2014年編#1-3
東京都内の喧騒から切り離された、秘匿研究施設。
そこは無機質なコンクリートの壁と、幾千もの光ファイバーが神経系のように這い回る、現代科学の最前線にして「特異点」を監視する聖域だった。
室内に立ち並ぶ多数のモニターには、絶え間なく流れる文字列と、心電図のように激しく波打つエネルギー波形が映し出されている。中央のプラットフォームには、一人の男が立っていた。
男の名は、矢切。
その腰には、重厚な金属の質感を放つ未知のバックル——「ベルト」が巻かれ、左手首には対となる「ブレス」が装着されていた。周囲を取り囲む数人の研究員たちが、端末を叩きながら最終的な同調率を計測していく。
「バイタル、安定。ドライバー、出力60%で固定。……矢切さん、神経接続を開始します。少し熱いですよ」
研究員の言葉と同時に、ブレスから微細な放電が走り、矢切の表情が苦痛に歪んだ。その時、室内にノイズ混じりの通信が割り込む。
『矢切、調子はどうだ?』
スピーカーから聞こえてきたのは、長年の戦友であり、現在は司令部で指揮を執る三原の声だった。矢切は荒い息を整えながら、モニターに視線を走らせる。
「三原か。……見ての通りだ、今調整を行っている。4年前の『あの日』からシステムの安定度は飛躍的に増したが、まだ決定的な課題をクリアできていない。高出力時の負荷が、依然として装着者の肉体を侵食する」
『……お前の調子を聞いたんだがな。矢切、お前の体はもう限界のはずだ』
三原の問いに、矢切は一瞬の沈黙を置いた。そして、自嘲気味な笑みを浮かべて答える。
「私か。……まあ、だましだましやるさ。世界が再び凍りつくのを防げるなら、私の命など安いものだ」
その会話が交わされている頃。
高度数百メートル、深夜のビル群を見下ろす隣接ビルの屋上に、夜の闇よりもなお深い「黒」を纏った二つの影が佇んでいた。

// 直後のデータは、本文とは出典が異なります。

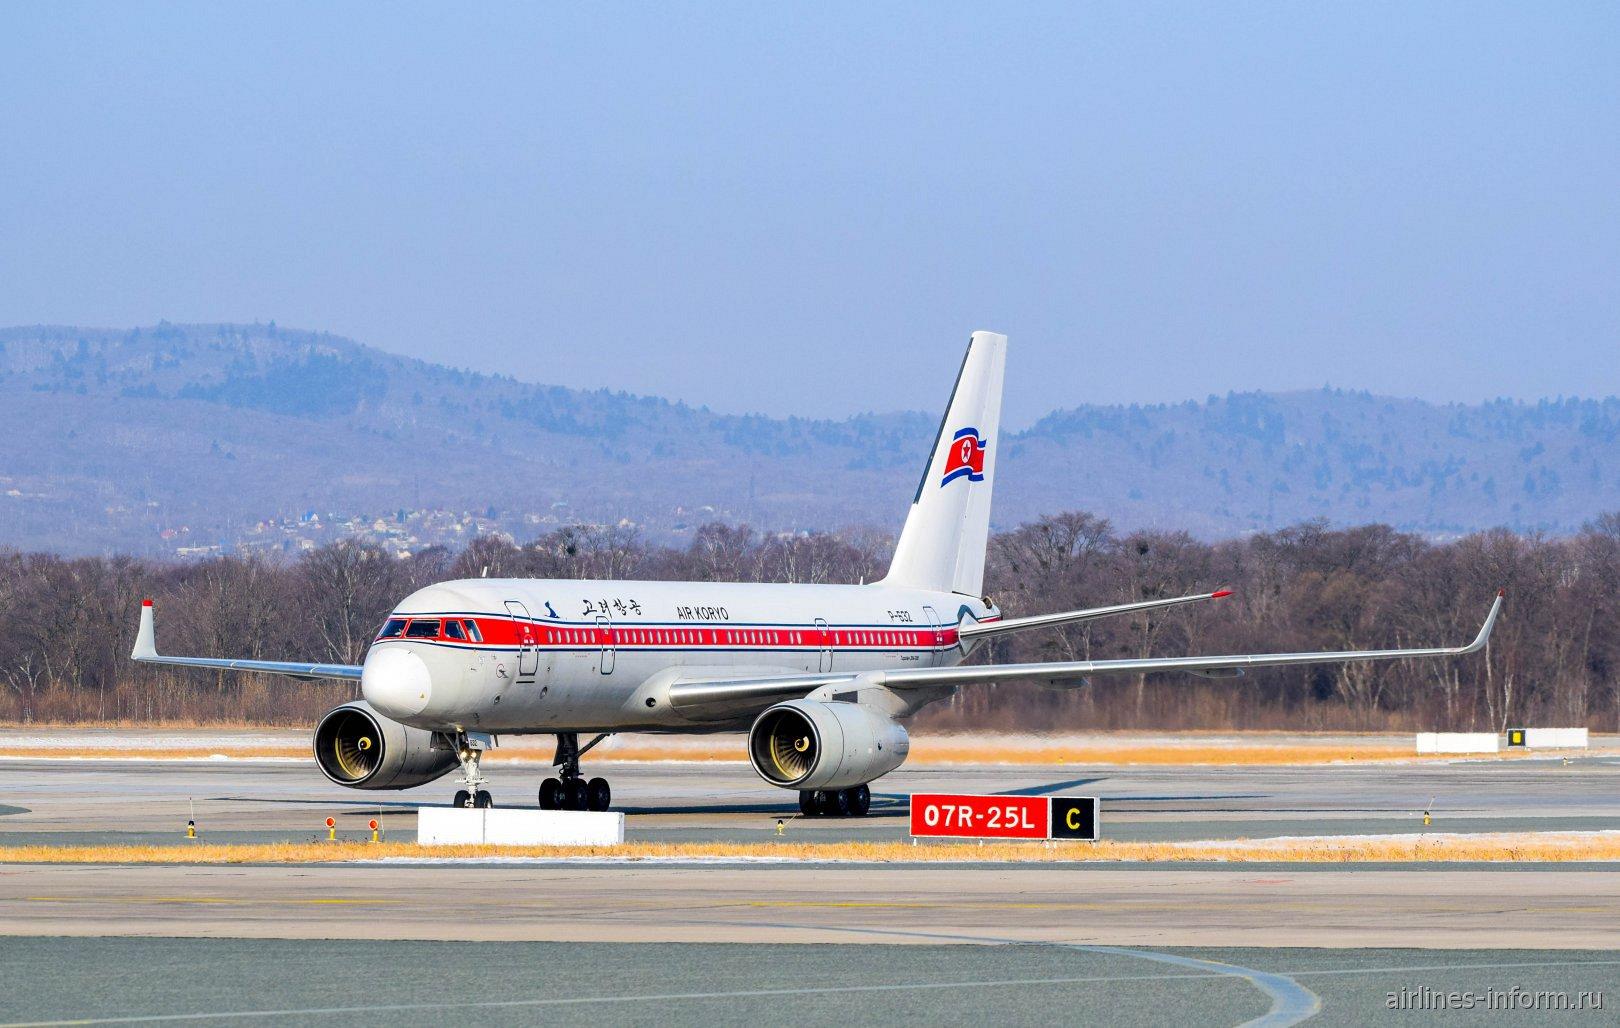 Самолет Ту-204-300 авиакомпании Air Koryo в аэропорту Владивостока

「……見つけたぞ。あの奥底に、我々の同胞を縛り付ける忌々しい光の源がある」
一人の影が、無機質な声で呟く。その眼は、獲物を狙う猛禽類のように冷酷に爛々と輝いている。
「なら、やるのか?」
もう一人の影が、空間そのものを震わせるような重低音で問いかけた。
「ああ。時は満ちた。人類に真の絶止を。……時は来たのだ」
直後、平穏な夜を切り裂く轟音が都心に響き渡った。
ドォォォォォォォォォンッ!
矢切のいる地下施設に、凄まじい衝撃が突き抜けた。天井が崩落し、精密機器が火花を散らして爆発する。警報アラームが鳴り響く中、研究員たちの悲鳴が瓦礫の下に消えていった。
「うわあぁぁぁ!」
『矢切、どうした!? 何が起きた! 返事をしろ、矢切……おい、矢切!!』
通信機の向こうで叫ぶ三原の声を置き去りにし、施設は業火に包まれる。
爆煙が立ち込める崩落現場。瓦礫を跳ね除け、よろめきながら地上へと脱出した矢切の前に、ゆらりと二つの影が降り立った。

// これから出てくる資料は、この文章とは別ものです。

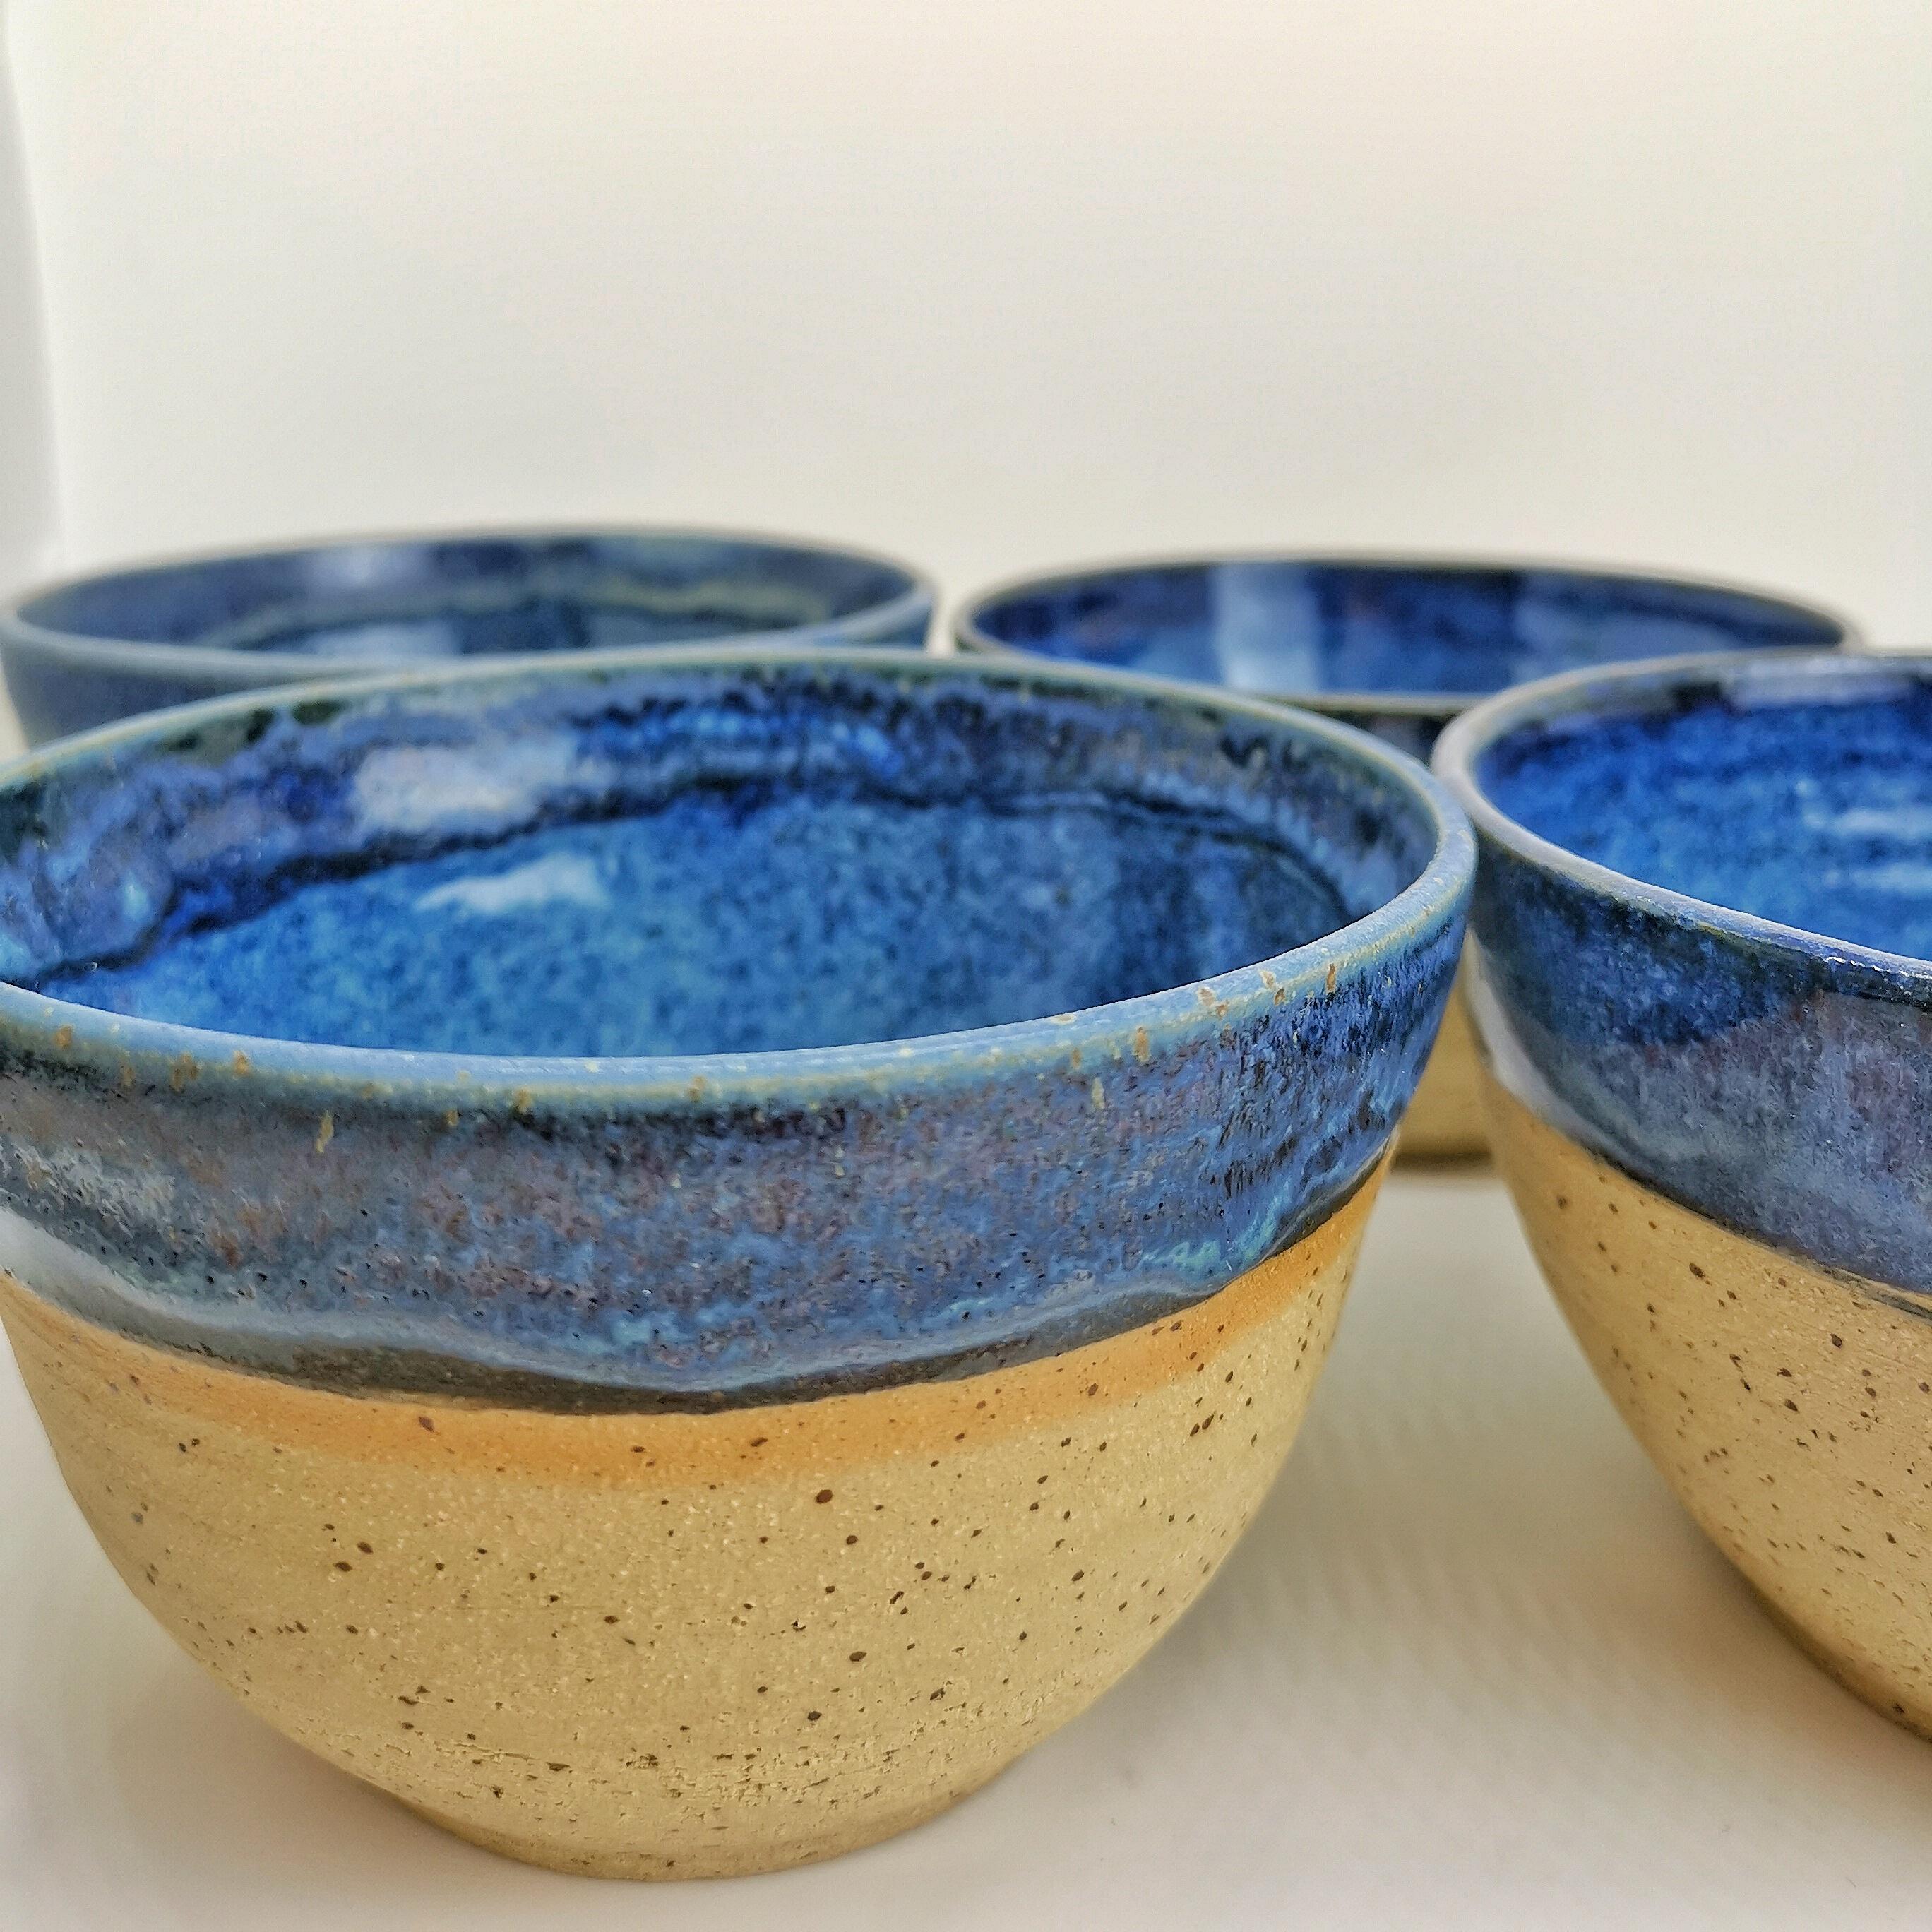 Bowls blau Natur von Keramik-Atelier Brigitte Lang in Rauenberg

その姿は、かつて世界を絶望に陥れた金属生命体の進化系を彷彿とさせた。だが、その背負っているプレッシャーは4年前の比ではない。
「始めるぞ。かつて我らが果たせなかった、第二のグローバルフリーズを」
リーダー格の影が腕を掲げると、周囲の時間が粘り気を帯び、重加速現象が街を侵し始める。行き交う人々が、飛び散る破片が、すべてがスローモーションへと叩き落とされる。

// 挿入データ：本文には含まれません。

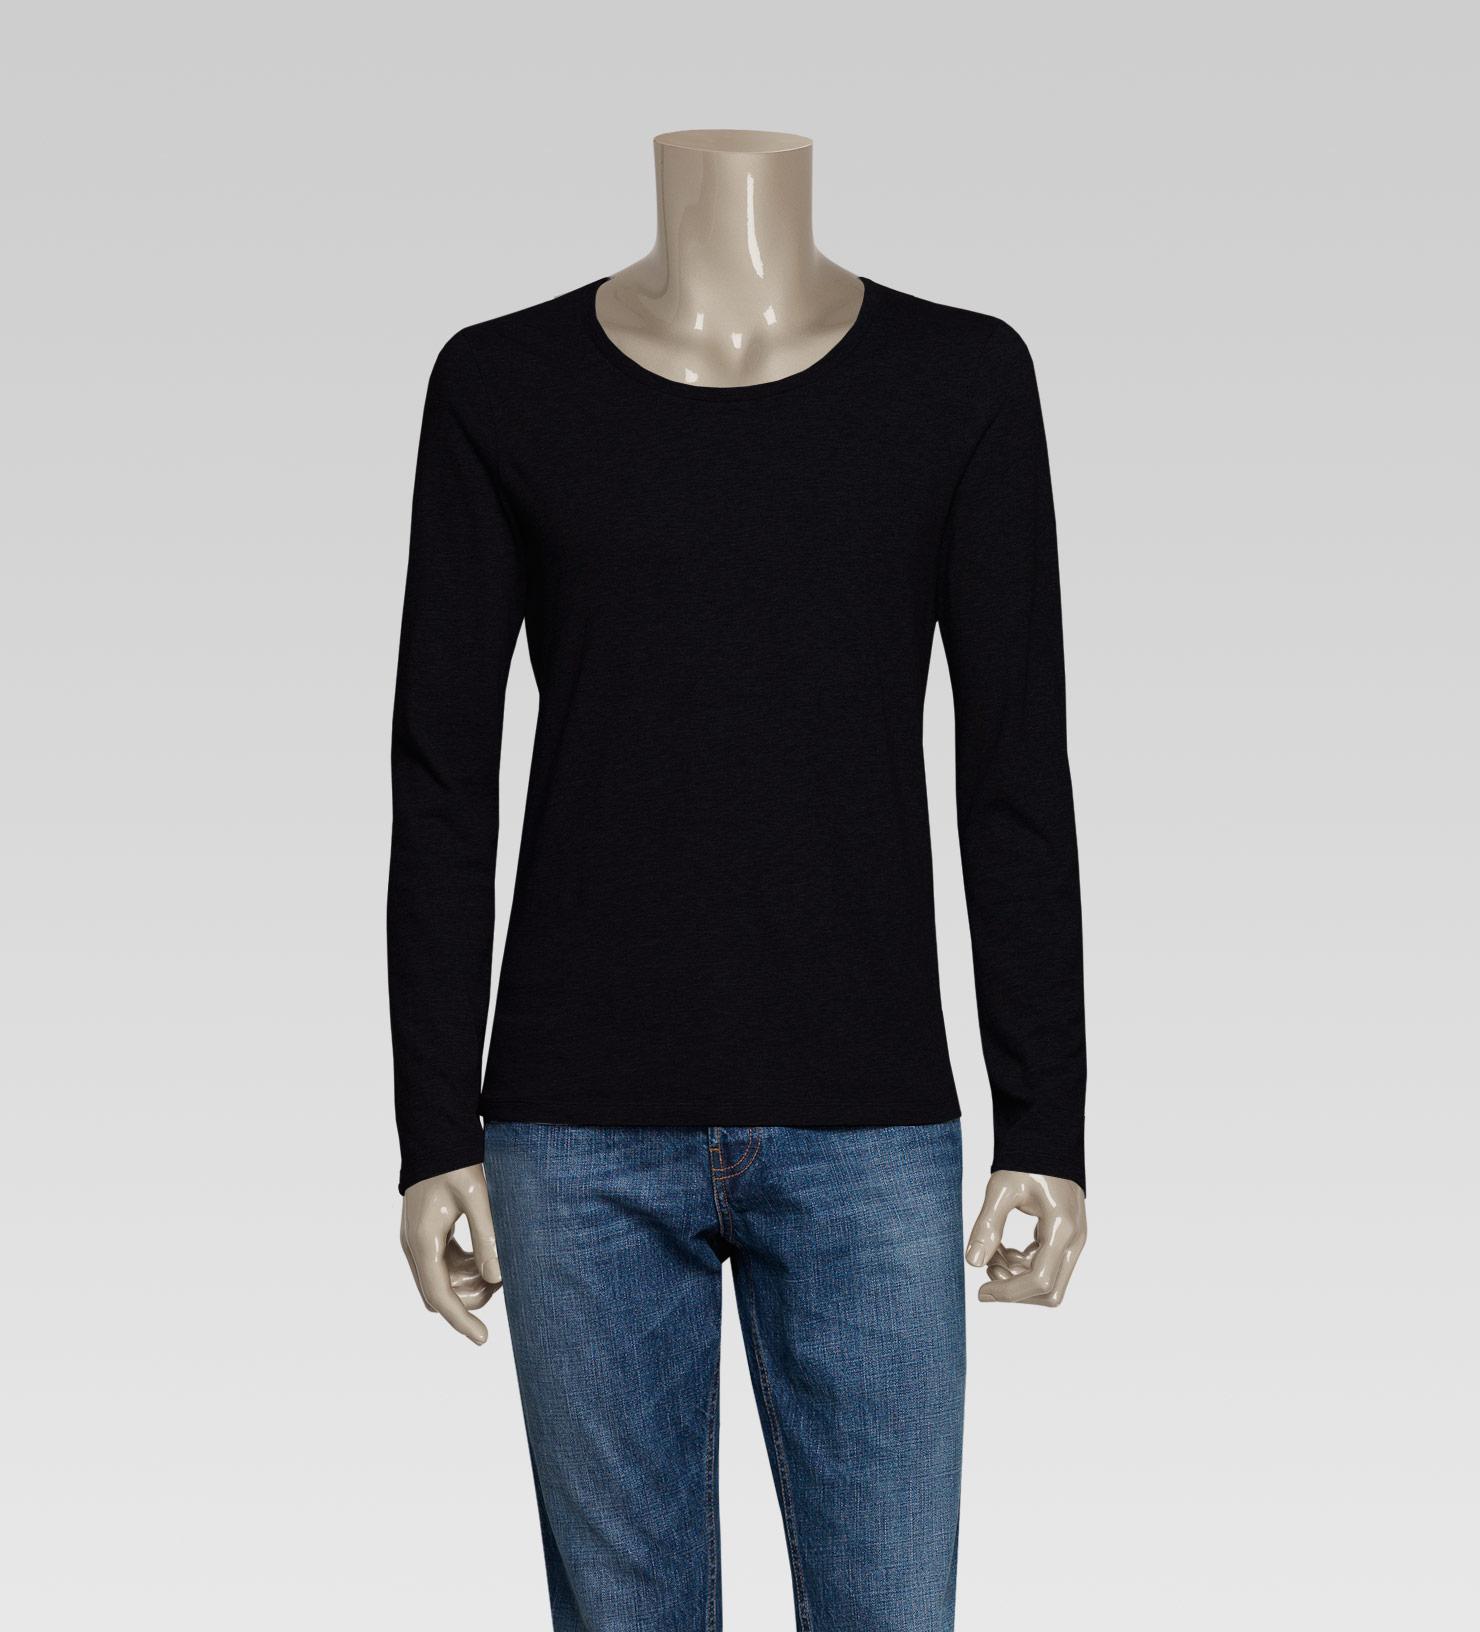 324cc682 Men's Black Gucci Trademark Long Sleeve Tshirt

「今度こそ、貴様ら人類の息の根を止める。その忌まわしき『力』と共に、塵に帰れ」
逃げ場のない絶望的な状況。しかし、矢切の瞳に宿る光は消えていなかった。
彼は血の混じった唾を吐き捨てると、腰のバックルに力強く手をかけた。
「……世界を止めていいのは、未来へ進むための準備をする時だけだ。貴様らのような化け物に、明日の邪魔はさせない!」
矢切がバックルのグリップを力強く捻り、叫ぶ。
「変身!」
瞬間、周囲の重加速を弾き飛ばすほどの凄まじい「青い光」が溢れ出した。
光の渦の中から現れたのは、重厚な装甲を纏った戦士の姿。ヘルメットの奥で、鋭く、そして気高く緑の眼光が閃く。
「うおぉぉぉぉぉ!」
咆哮とともに、青い残像を引いて矢切は加速した。